Each entry below should be printed exactly, with every image left out.

Given information:
----
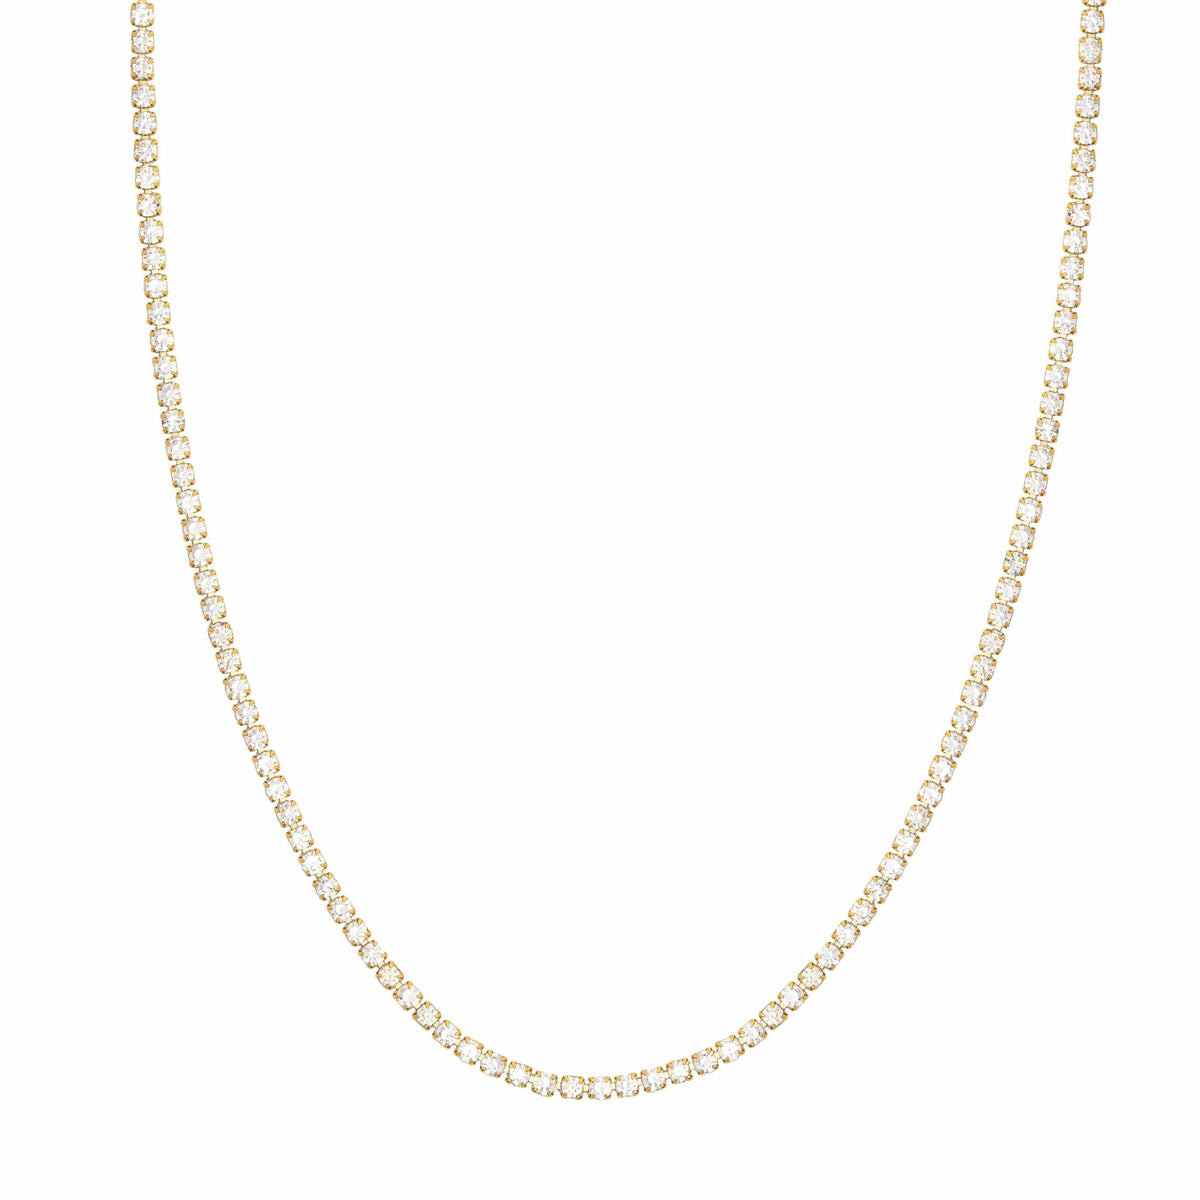 BohoMoon Stainless Steel Bardot Tennis Necklace Gold
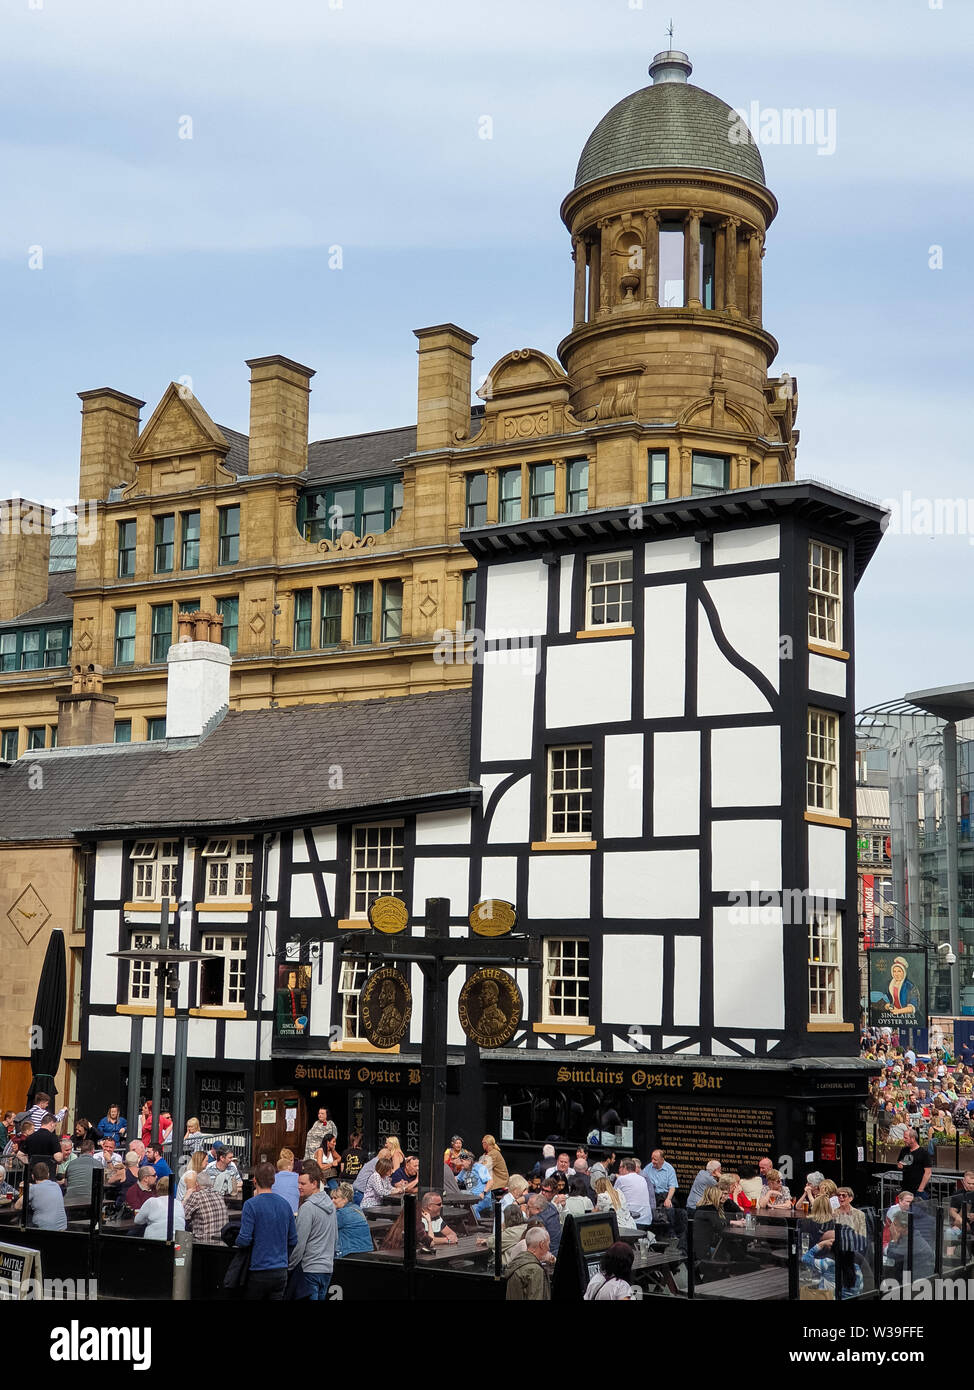 Manchester, United Kingdom - April 23, 2019: People enjoy themselves seated outsideat a pub in Manchster city centre on a beautuful spring afternoon Stock Photo
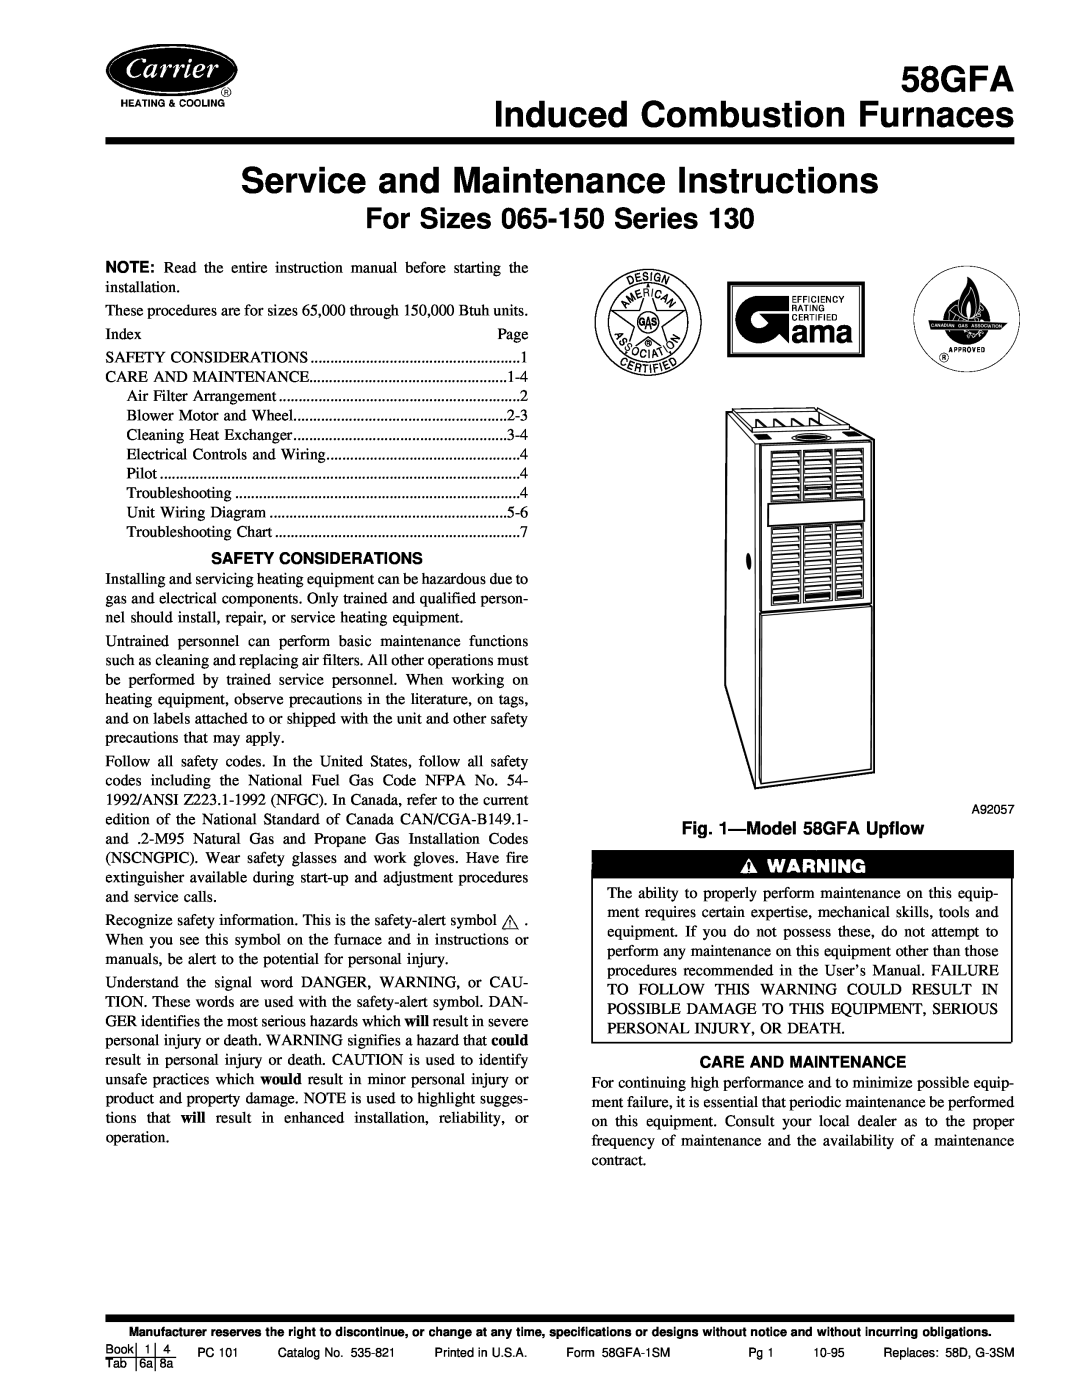 Carrier instruction manual Service and Maintenance Instructions, 58GFA Induced Combustion Furnaces, ÐModel 58GFA Upflow 
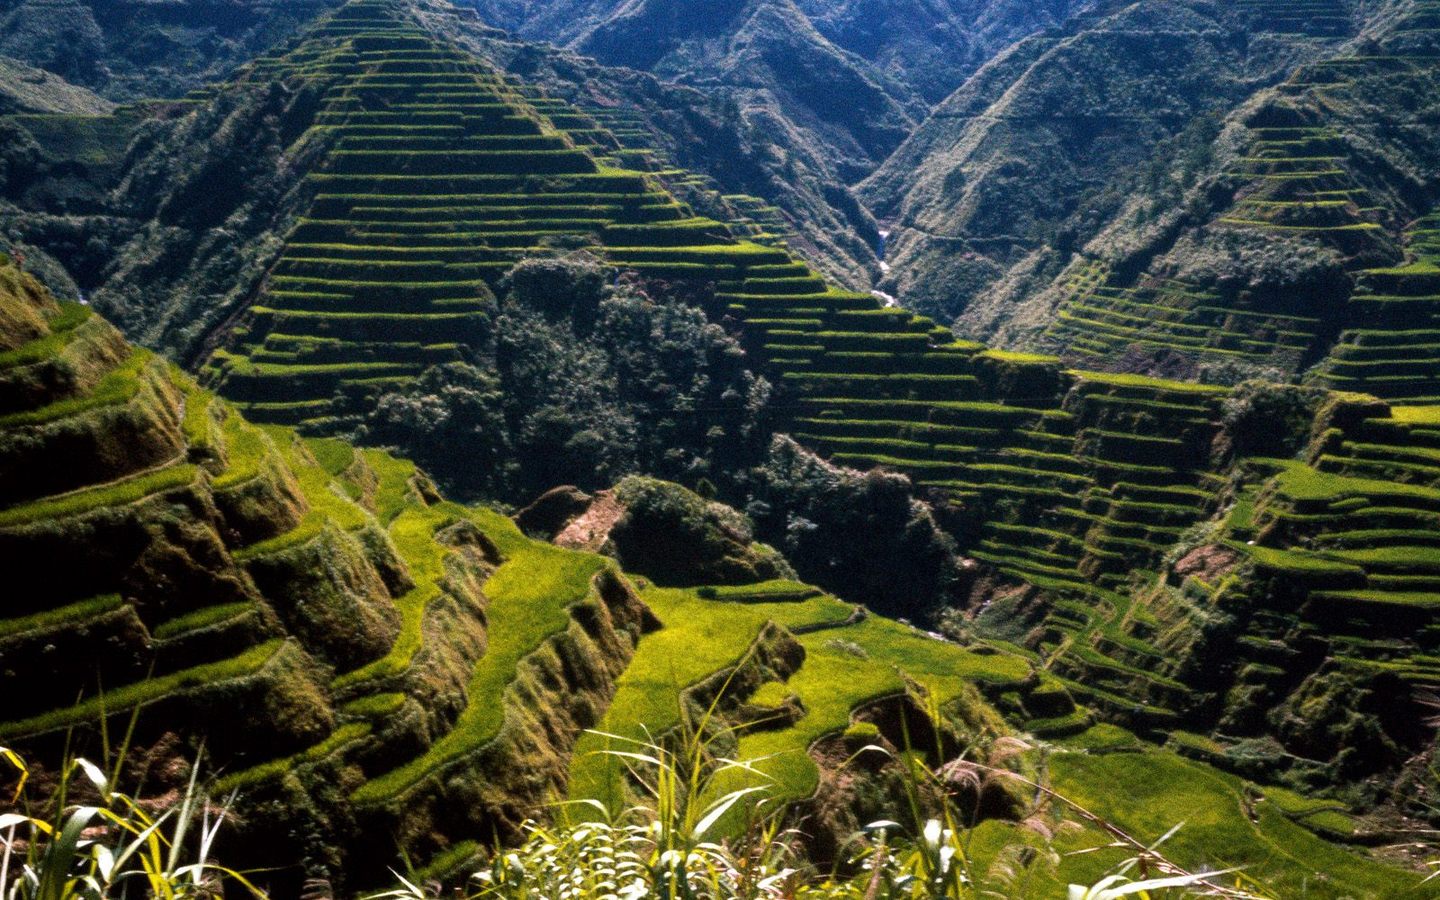 Hq Ancient Rice Terraces Philippines Wallpaper
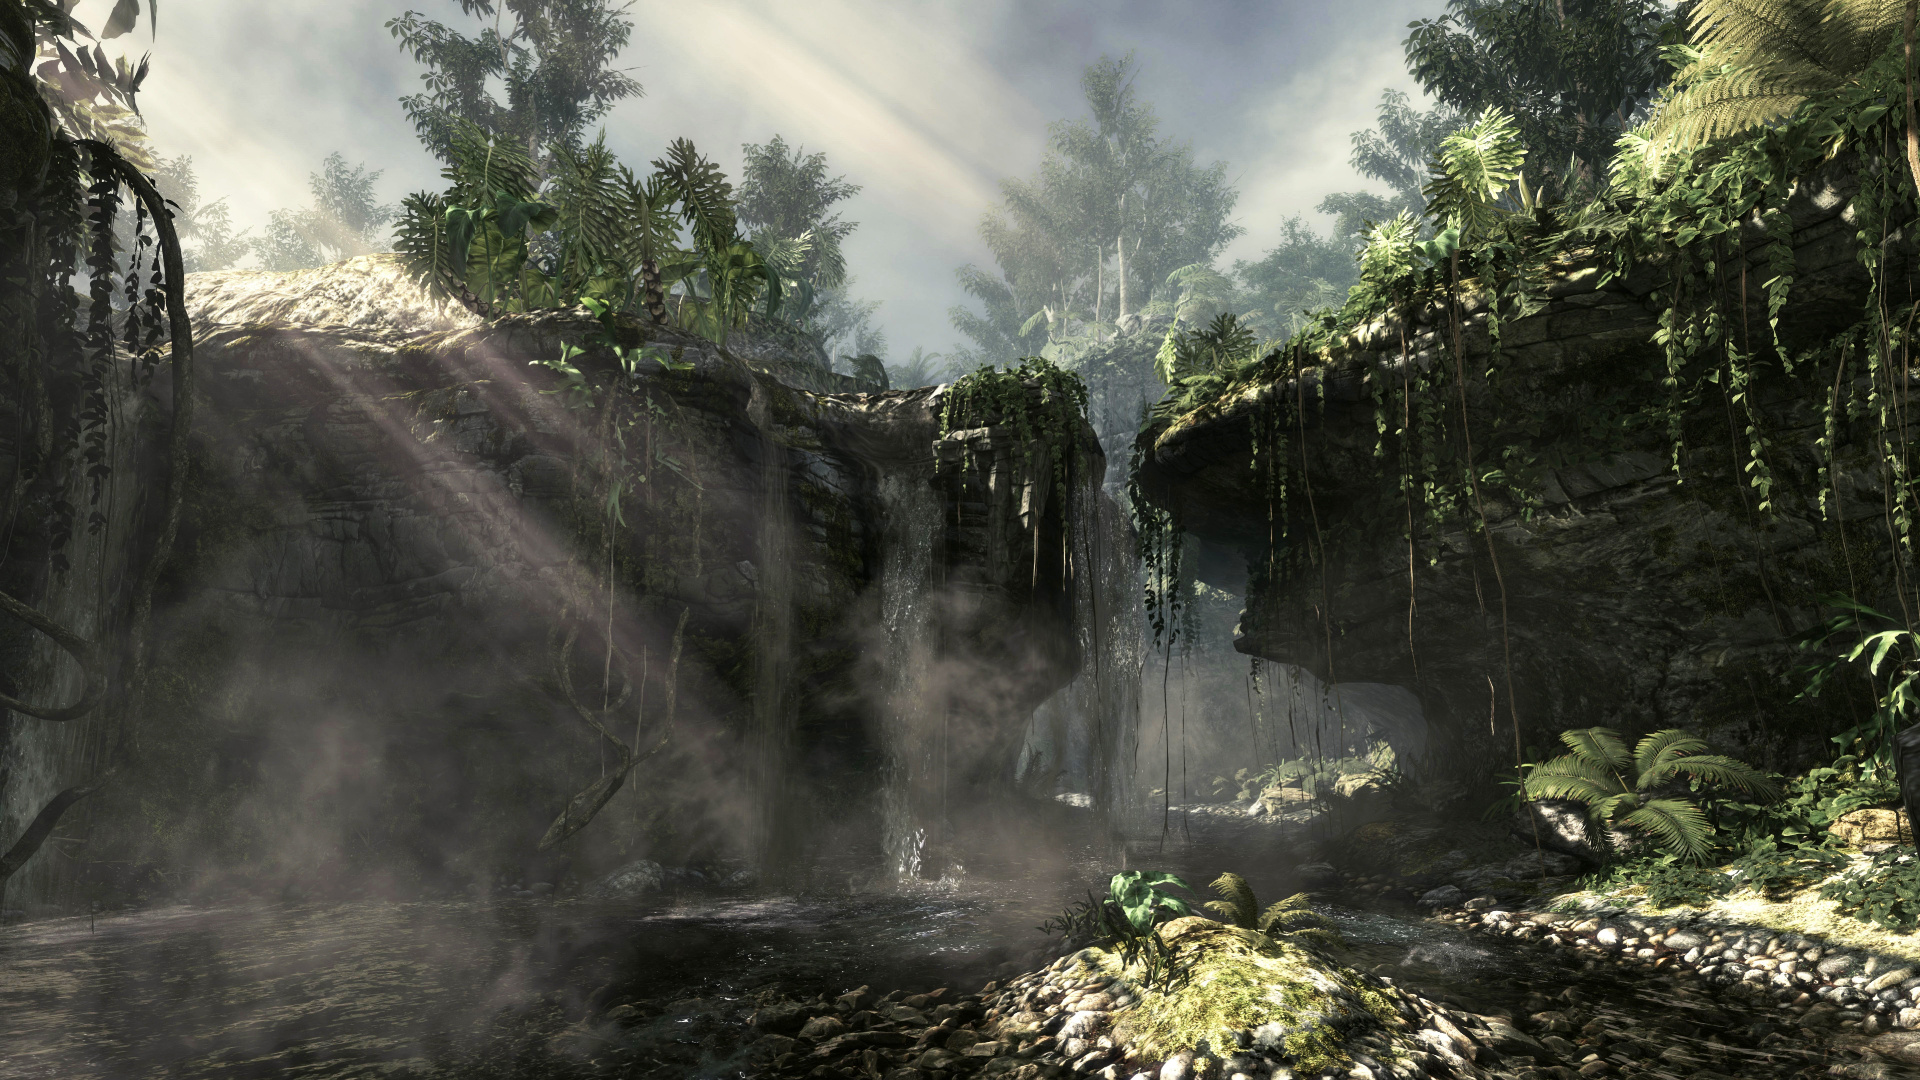 Call of Duty Ghosts, Call of Duty Black Ops Ii, Activision, Infinity Ward, Vegetation. Wallpaper in 1920x1080 Resolution
----
Exercise solution:
 BohoMoon Stainless Steel Bardot Tennis Necklace Gold
 Manchester, United Kingdom - April 23, 2019: People enjoy themselves seated outsideat a pub in Manchster city centre on a beautuful spring afternoon Stock Photo
 Carrier instruction manual Service and Maintenance Instructions, 58GFA Induced Combustion Furnaces, ÐModel 58GFA Upflow 
 Hq Ancient Rice Terraces Philippines Wallpaper
 Call of Duty Ghosts, Call of Duty Black Ops Ii, Activision, Infinity Ward, Vegetation. Wallpaper in 1920x1080 Resolution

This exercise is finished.